What little I know of life in Romania has been conveyed mainly by films until now. I have seen some splendid films including Four Months, Three Weeks and Two Days, and The Death of Mr. Lazarescu, which I thought about a lot when I was reading The Appointment. In the latter film, an old man is carted from hospital to hospital in the course of one night, getting sicker and sicker as doctors keep refusing to treat him and send him away. The plot line of The Appointment is not dissimilar. The main character (unnamed) is on a tram journey across town which lasts the course of the book. She has been “summoned” by the authorities for interrogation; this trip is just one of many already taken. The journey in the story allows for the character to reflect on her life while adding a kind of forward impetus to the narrative. We are keen to find out what will happen to her as we linger in the surreal and muddy waters of life under the Ceaucescu regime.

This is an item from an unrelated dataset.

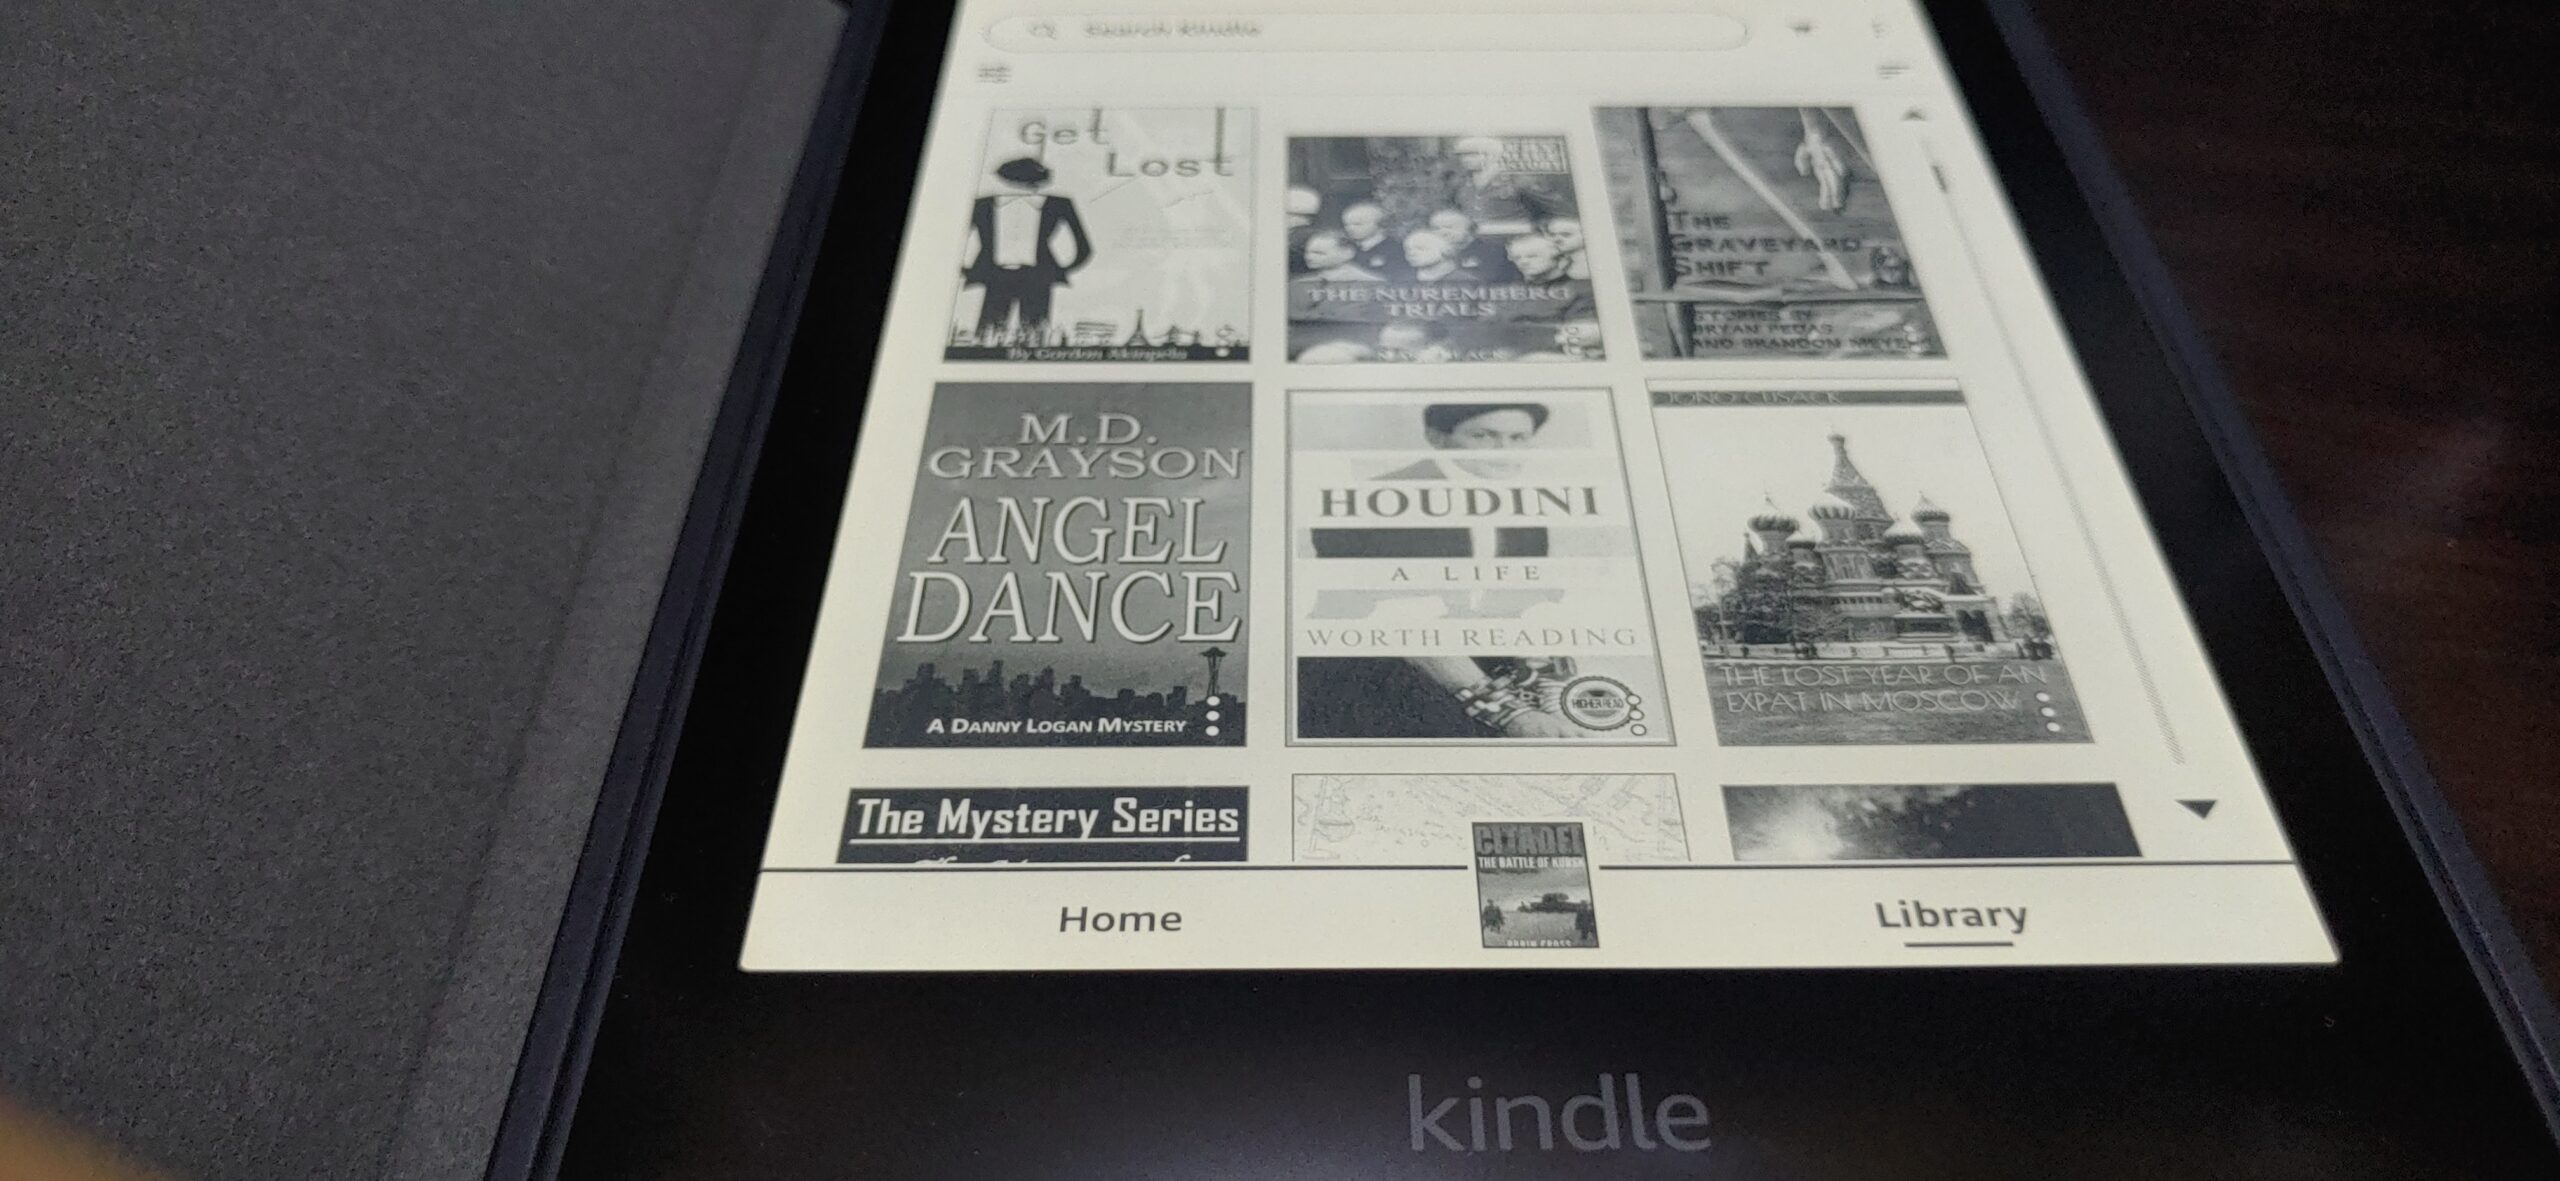 Here is how you remove an e-book from your Kindle - Good e-Reader

It’s a hard book to read. There is nothing desirable about her life and awful things happen to most characters. As occurs in toxic regimes (and this applies to workplaces as much as cultures and countries), people behave very badly toward one another when there is fear and scape-goating around. Or they drink to escape or have nihilistic or abusive sex. All of these elements pertain in this novel. I can’t say that I enjoyed reading it but it provides both a sense of truth, and some very fine writing. Take the following for example:
“The water squirted and gathered around the tree trunks in shallow pools, full of drowned ants. The earth drank slowly. Then Grandfather said You go out for a walk and the world opens up for you. And before you've even stretched your legs properly, it closes shut. From here to there it's just the farty splutter of a lantern. And they call that having lived. It's not worth the bother of putting on your shoes.” (p80)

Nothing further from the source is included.